San Diego, California and fresh seafood go hand-in-hand, or fishing-boat-to-mouth. Real Food Traveler’s Hospitality Editor, Ron Stern, recently visited the seaside city and returned with his list of top seafood restaurants to try.

Save this article to Pinterest! Clockwise, Point Loma exterior, Crab & Avocado Toast at Mitch’s Seafood, interior Water Grill, and
5 Fantastic San Diego Seafood Restaurants
San Diego’s seafood options are as abundant as the fish in the sea. With its mild climate, sparkling blue waters and glorious beaches, this coastal city lures travelers by the millions hungry for a culinary sea adventure. From fast casual to fine dining, you can enjoy some of the freshest catches the Pacific Ocean has to offer.
Depending upon the season, local waters are teeming with snapper, crab, white seabass, California yellowtail and halibut. While restaurants prefer to source locally, extending the boundaries to the coast of Baja, Alaska, and the east coast offers a wide variety of options that makes this city a seafood lover’s dream.
Here, in no particular order are some samplings of the area’s most popular eateries.
The Fish Market, San Diego
The iconic Fish Market restaurant and seafood market is nestled right next to the water’s edge and adjacent to the USS Midway aircraft carrier museum.
Overlooking San Diego Bay, this beloved locale serves some of the freshest fish around in a family-friendly atmosphere. The distinctive, red-trimmed exterior houses the restaurant portion downstairs while upstairs is their “Top of the Market” fine dining and private events venue.
With incredible bayfront views, we were seated in a room that extended out over the water with floor-to-ceiling windows.

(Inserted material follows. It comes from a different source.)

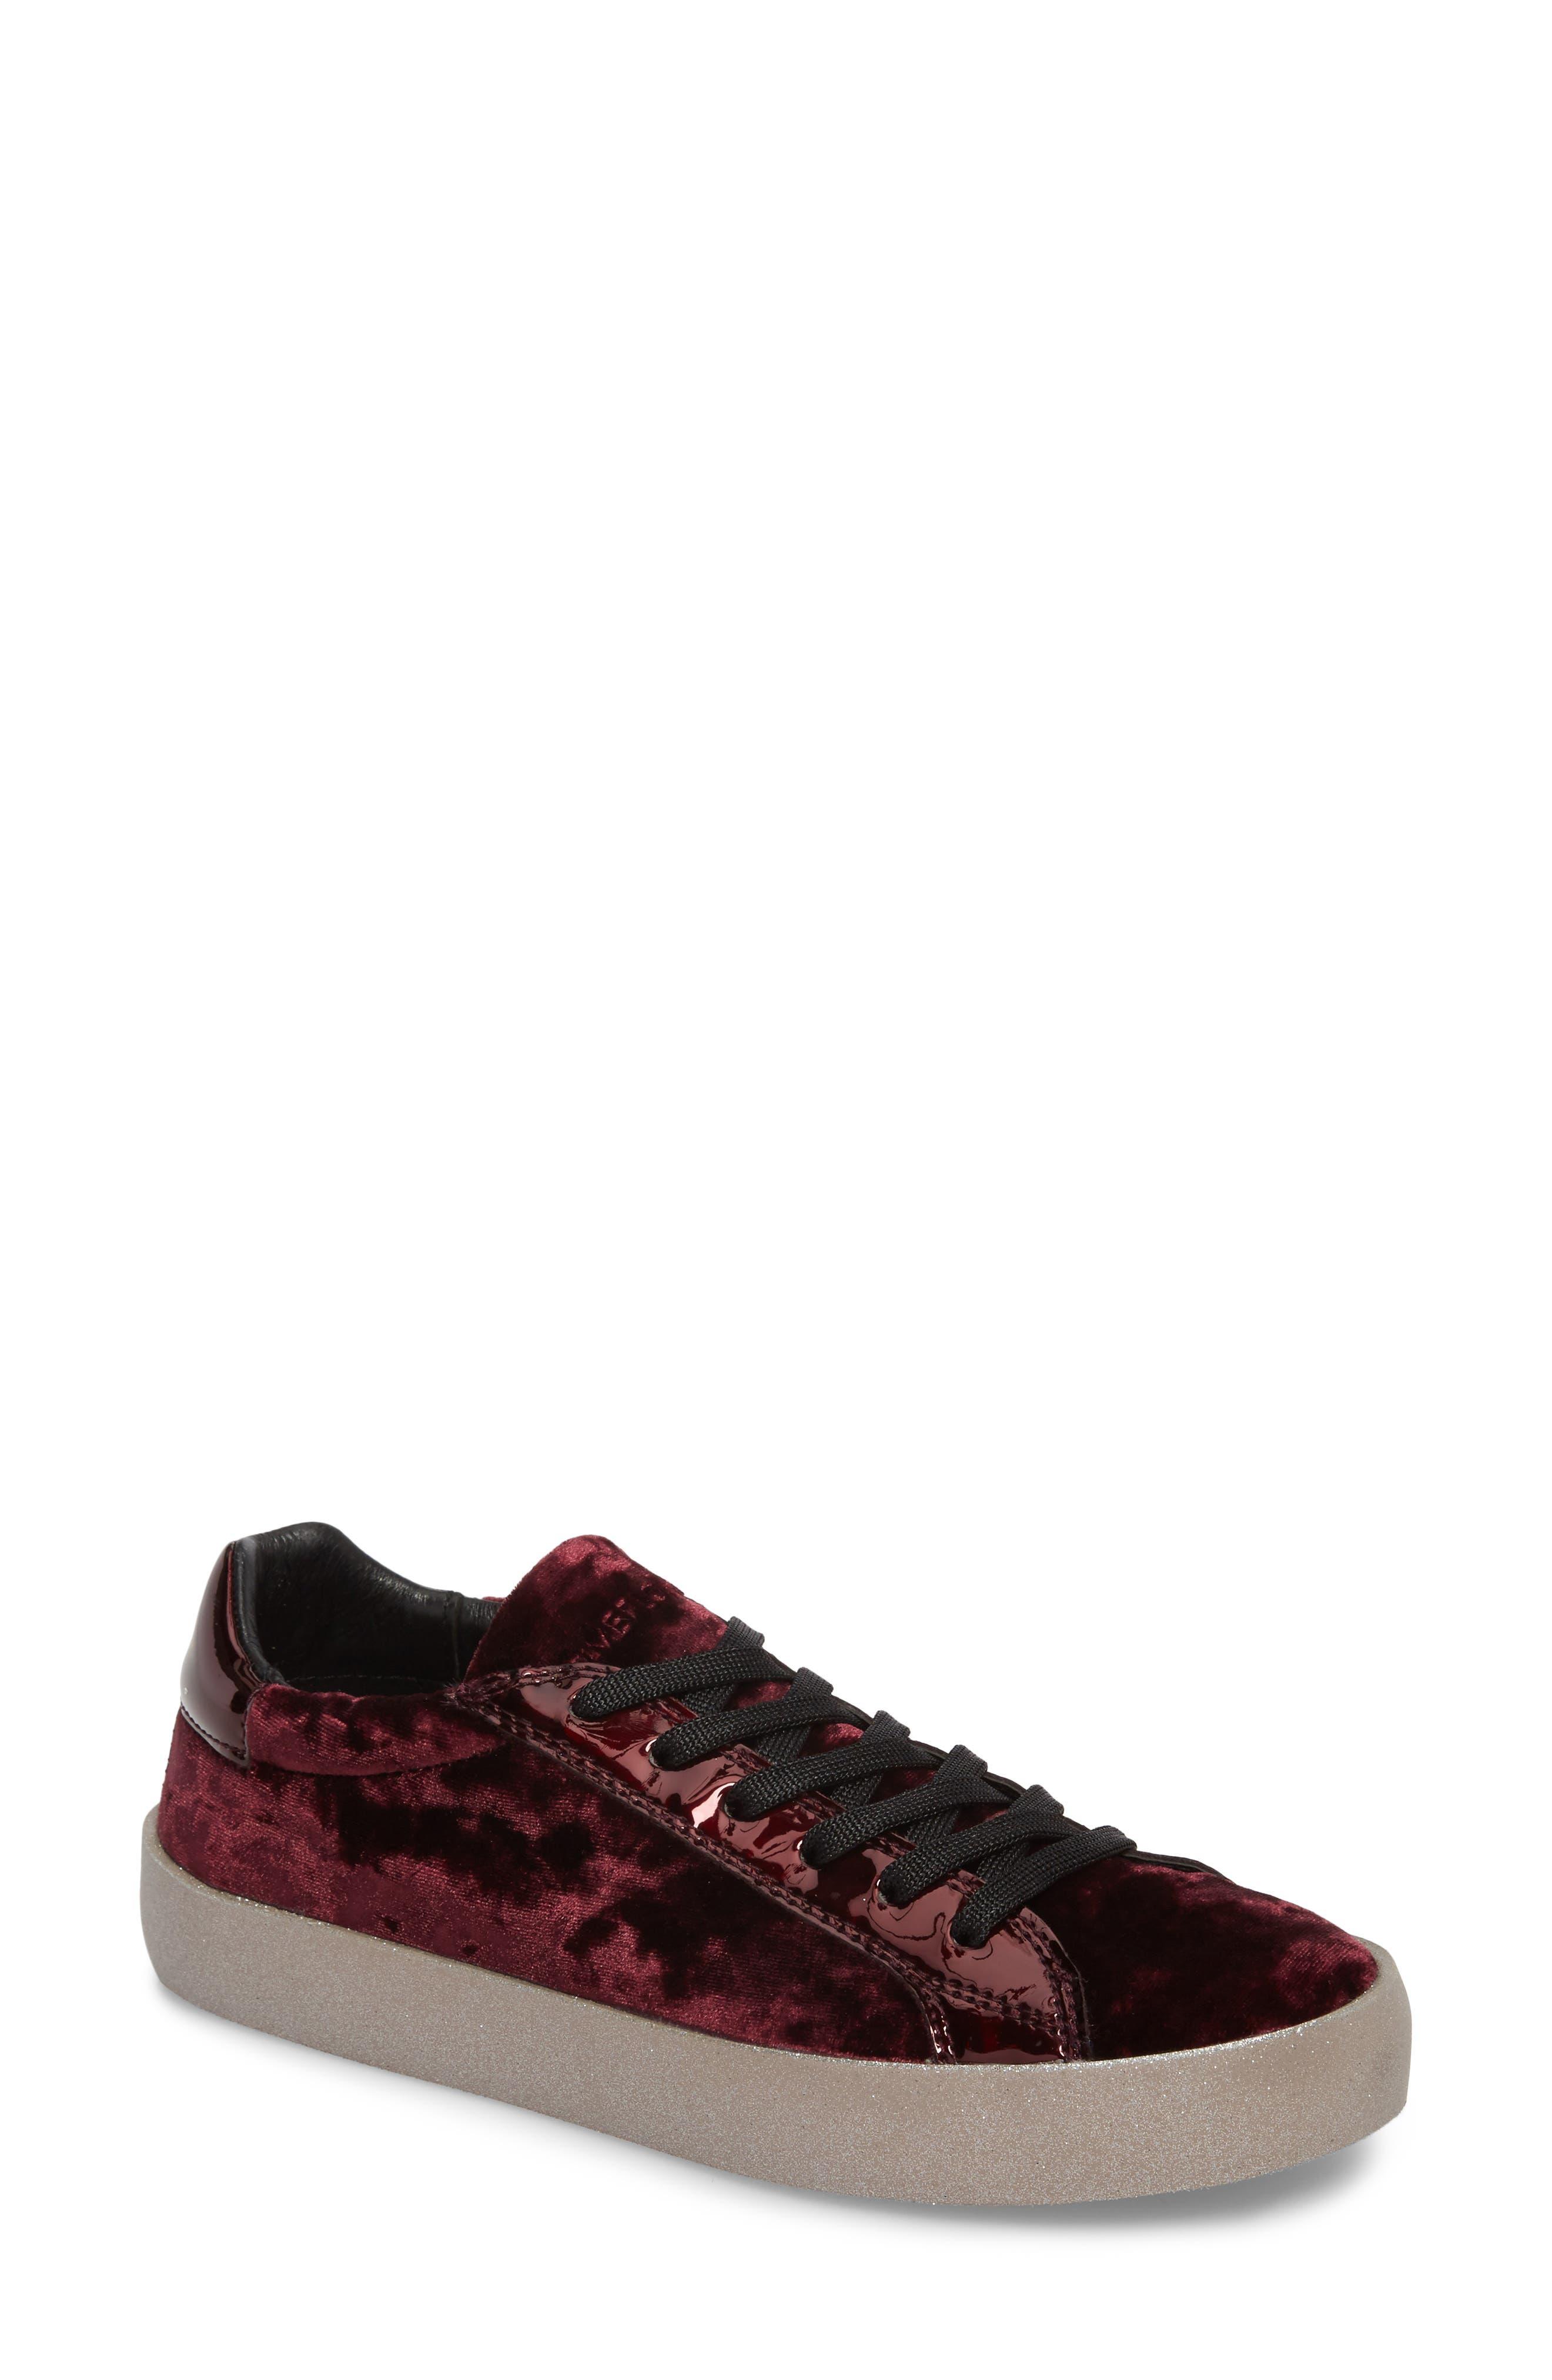 Dynamite Sneaker,                         Main,                         color, Burgundy

Our host, Suzanne Fish, if you can believe it, brought dish after mouth-watering dish while explaining the owner’s vision. “We serve fresh fish, simply prepared in a clean and comfortable environment with superior service and knowledge.” Each server undergoes a 3-week intensive training program that starts in their retail, on-site market so that they become intimately familiar with their products.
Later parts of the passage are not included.